Чтение онлайн

ЖАНРЫ

Фоллаут: Московский Гамбит
Шрифт:

Седой задержался у этого места на несколько секунд. Его взгляд был задумчивым.

«Войны за ресурсы… – пробормотал он себе под нос, но Рыжий расслышал. – Сколько их было до того, как все полыхнуло по-настоящему? Америка, Китай, Евросоюз… и мы, Советский Союз. Все грызлись за последние остатки нефти, урана, чистой воды. А потом… потом кто-то нажал кнопку первым. Или уже не важно, кто был первым.»

Он поднял с земли ржавую гильзу. «ППШ… старье даже для тех времен. Видимо, уже тогда с вооружением было не густо, раз такими воевали на подступах к столице. Или это ополченец какой-то.»

Он вспомнил обрывки новостей из своего далекого детства, перед самой Катастрофой: тревожные сообщения о конфликтах на Ближнем Востоке, в Арктике, о мобилизации резервистов, о постоянных учениях

гражданской обороны. Тогда это казалось чем-то далеким, почти нереальным. А потом мир взорвался, и нереальным стало все остальное.

«Все дрались за ресурсы, чтобы выжить, – продолжал он, скорее для себя, чем для Рыжего. – А в итоге сожгли все к чертовой матери. И теперь мы, выжившие, снова деремся за жалкие крохи того, что осталось. За воду, за еду, за патроны… И за призрачную надежду на какой-то там довоенный реактор. Ирония, да?»

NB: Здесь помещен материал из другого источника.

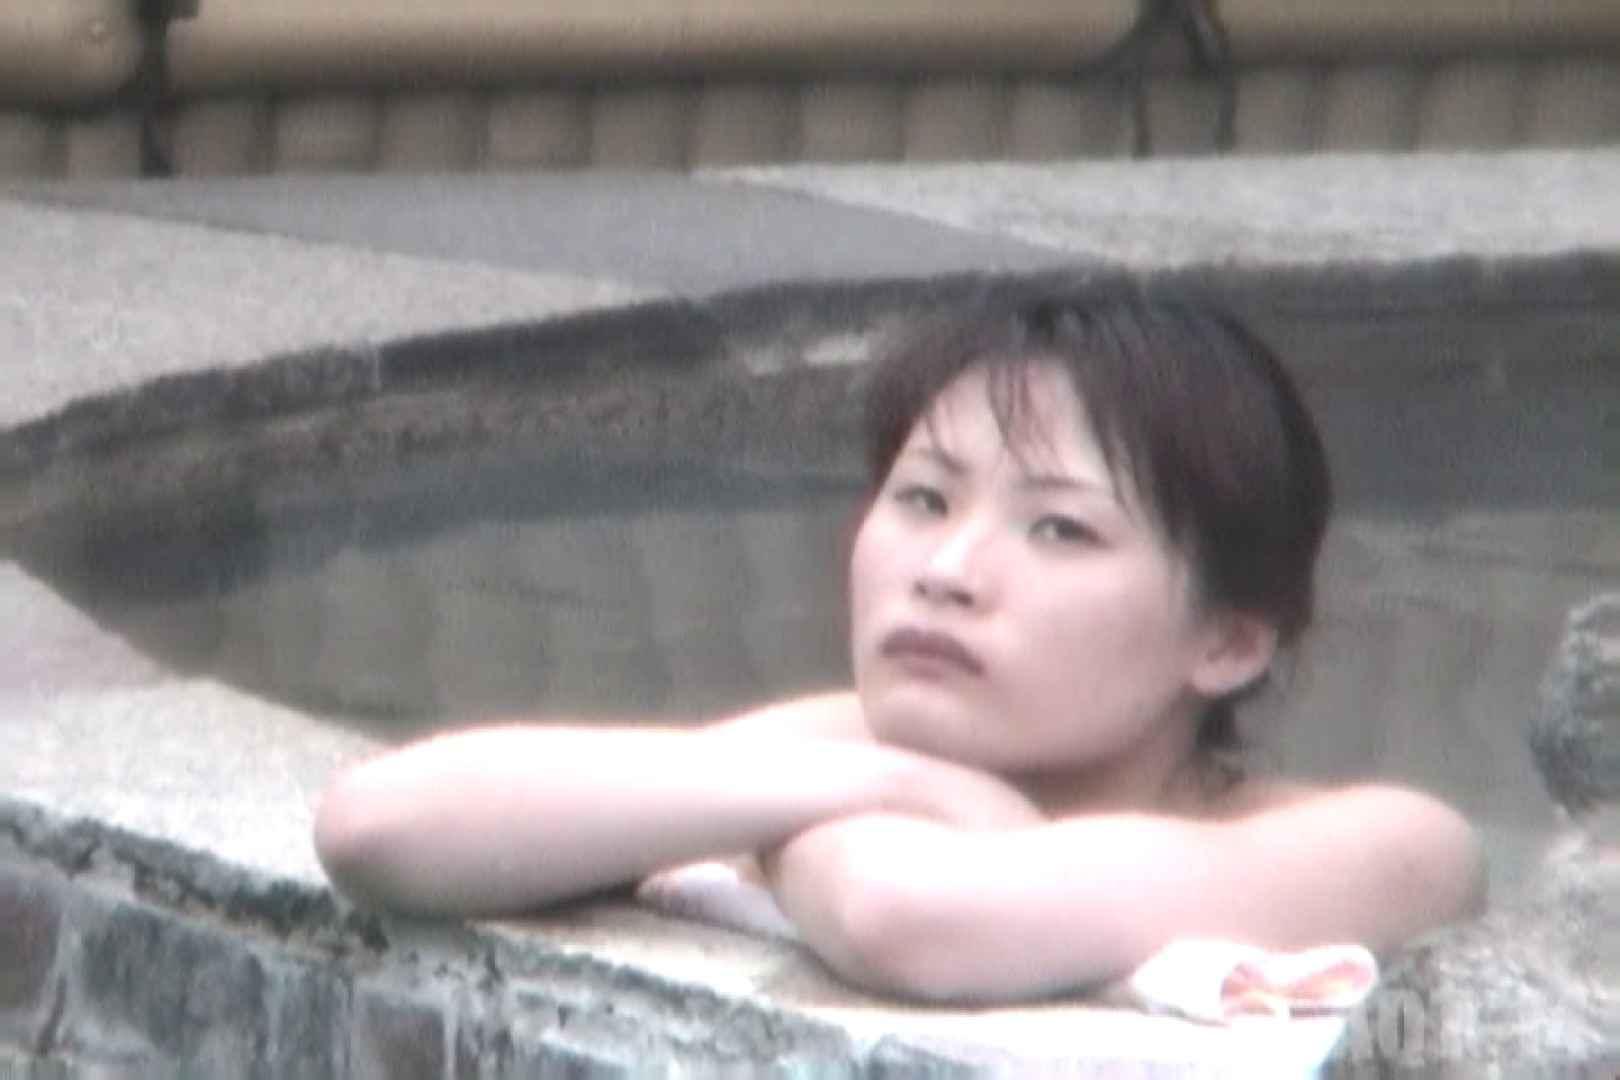 Aquaな露天風呂Vol.822 盗撮シリーズ | 露天風呂編  78PIX 27
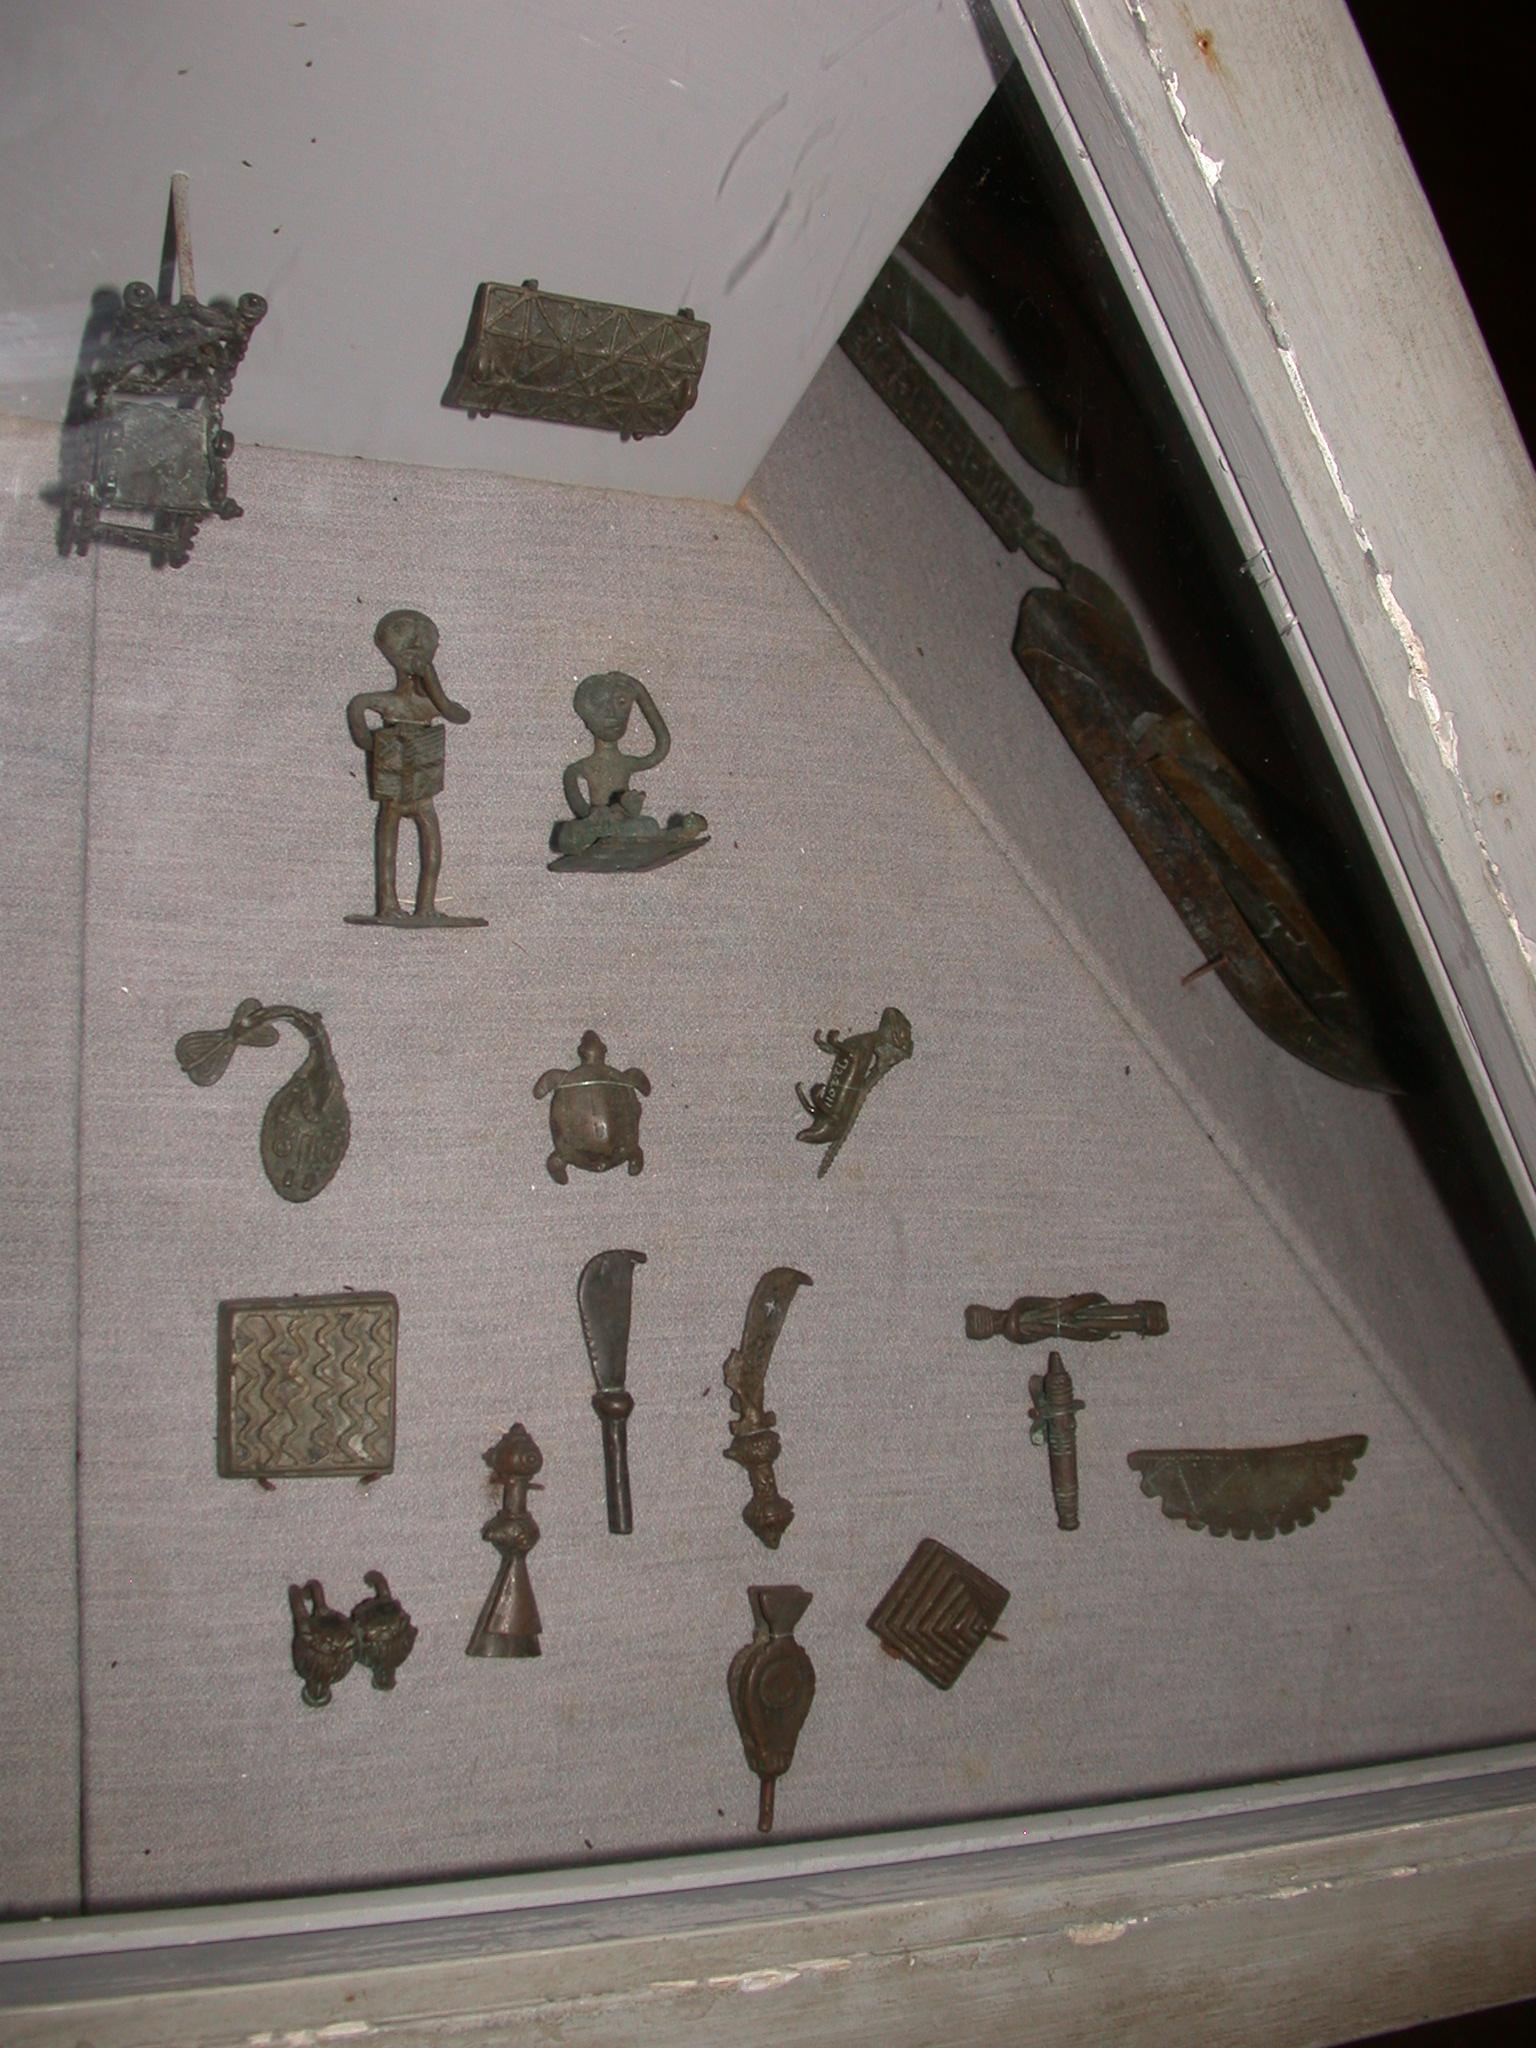 Ghana Gold Weights and Measures, Cape Coast Slave Fort Museum, Cape Coast, Ghana

Рыжий не знал, что ответить. Он родился уже после войны, для него этот мир – с руинами, мутантами и радиацией – был единственно известным. Но сейчас, глядя на эти останки прошлого, он начинал смутно понимать всю глубину трагедии, постигшей человечество.

Они прошли еще несколько сот метров по этому радиоактивному ручью, когда «Луч» на руке Седого снова тревожно пискнул и цифры на экране поползли вниз. Фон спадал. Они выходили из самой грязной зоны.

«Прошли, – с облегчением выдохнул Седой. – Теперь – Антирадин. По одной ампуле. Чтобы вывести ту дрянь, что успели нахватать.»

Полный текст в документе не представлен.